During the process of terminating event triggering, if only the unmapviewoffile () and closehandle () functions are simply executed, the actual file size cannot be correctly identified, that is, if the opened memory ing file is 30 GB, the received data is only 14 GB, so after the above program is executed, the stored file length is still 30 GB. That is to say, after processing, the file must be restored to the actual size through the memory ing file again.

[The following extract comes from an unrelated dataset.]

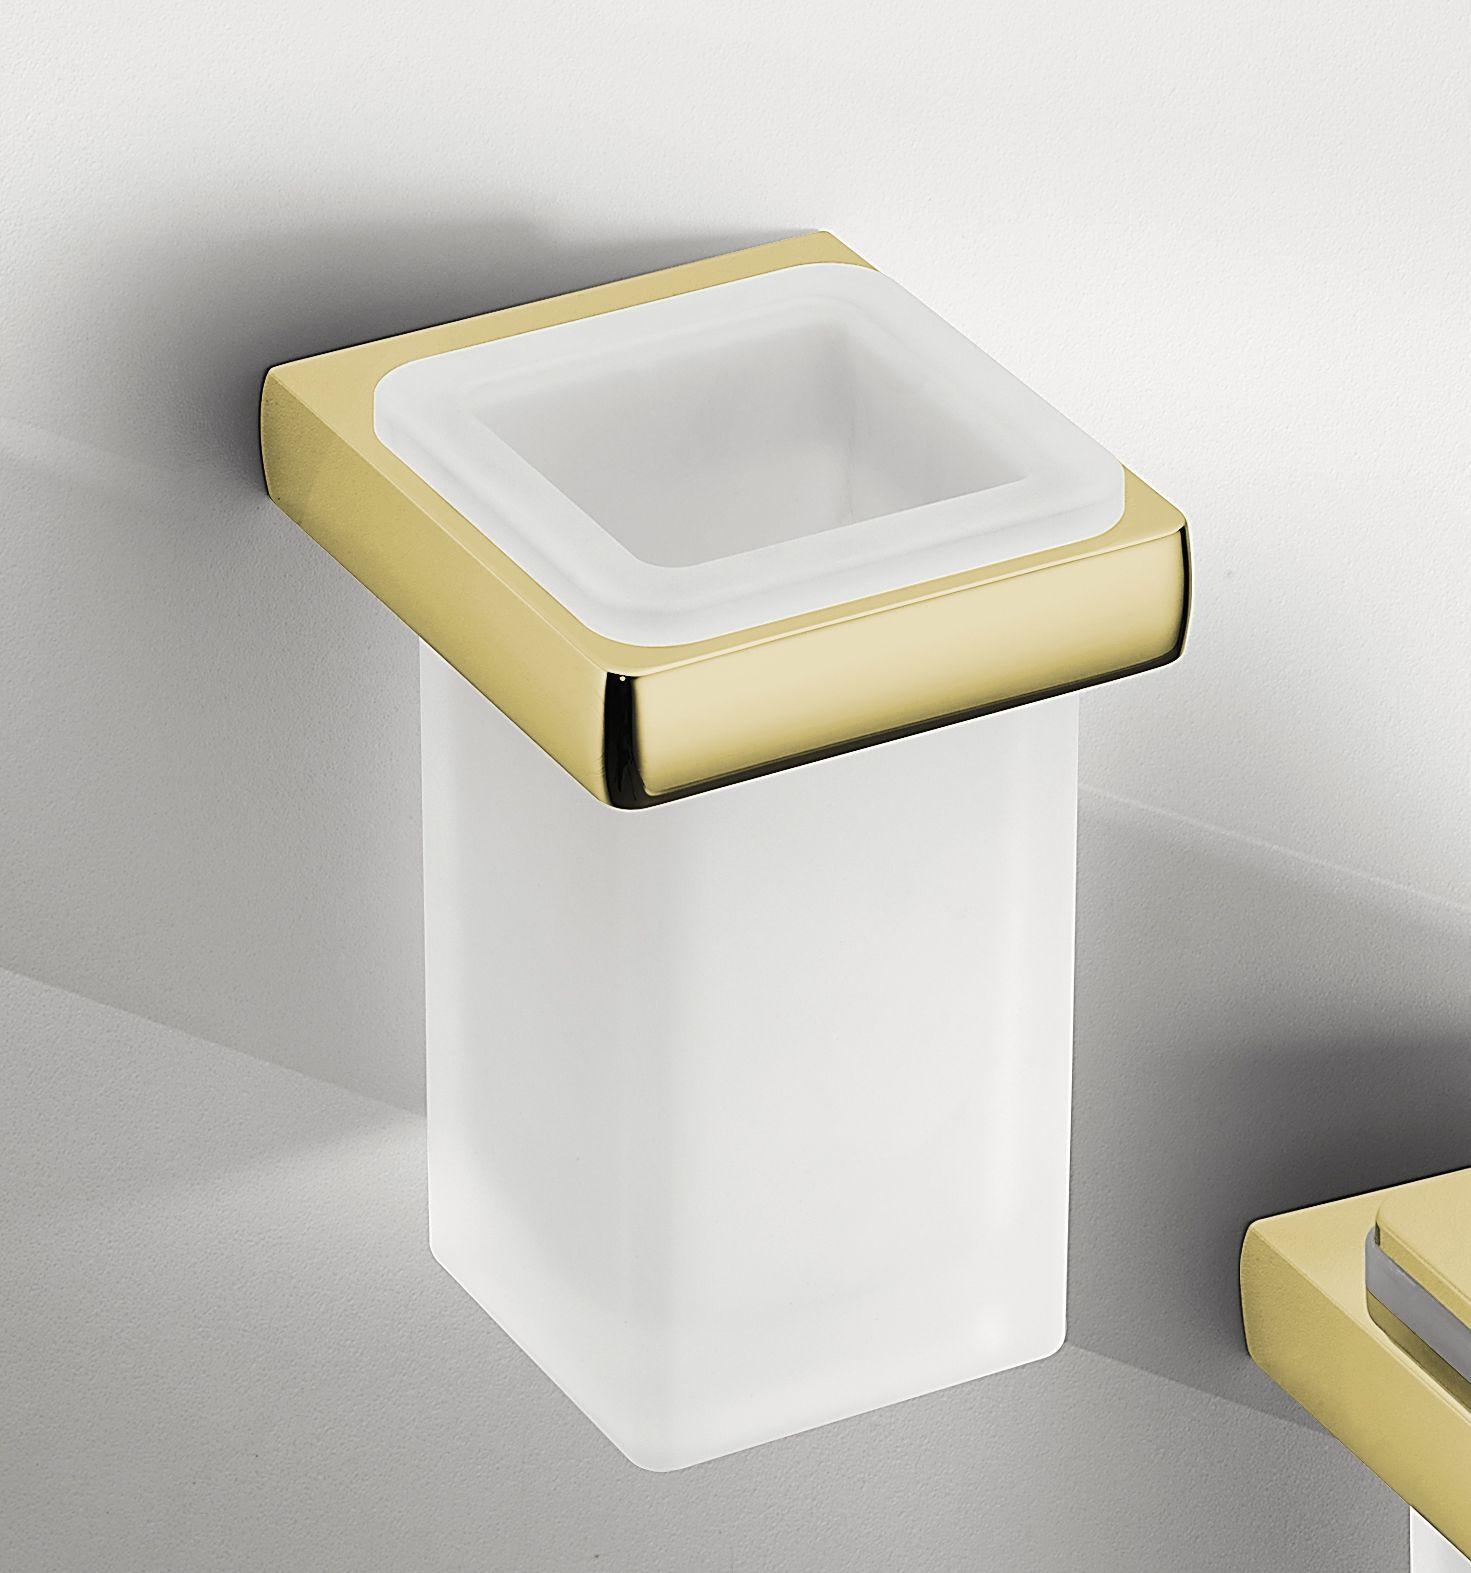 Gold Toothbrush Holder | Bathroom Accessories | Pinterest ...

The following is the main code to achieve this requirement:
// Create another file Kernel Object
hfile2 = createfile ( " recv.zip " ,
generic_write | generic_read,
file_pai_read,
null,
create_always,
file_flag_sequential_scan,
null);
//Create another file ing Kernel Object with actual Data Length
Hfilemapping2=Createfilemapping (hfile2,
Null,
Page_readwrite,
0,
(DWORD) (qwfileoffset&0 xffffffff),
Null );
//Disable file kernel objects
Closehandle (hfile2 );
//Map File data to the address space of the process
Pbfile2=(Pbyte) mapviewoffile (hfilemapping2,
File_map_all_access,
0,0, Qwfileoffset );
//Copy data from the original memory ing file to this memory ing File
Memcpy (pbfile2, pbfile, qwfileoffset );
File://Detaches a file data image from the address space of a process
Unmapviewoffile (pbfile );
Unmapviewoffile (pbfile2 );
//Close the file ing object
Closehandle (hfilemapping );
Closehandle (hfilemapping2 );
//Delete temporary files
Deletefile ("Recv1.zip");
Conclusion
in actual tests, memory ing files have good performance in processing large data volumes, compared with the cfile class and readfile () and writefile () such functions have obvious advantages in file processing methods. In Windows 98, the code described in this article is calculated by Microsoft Visual C + 6 . 0 is compiled.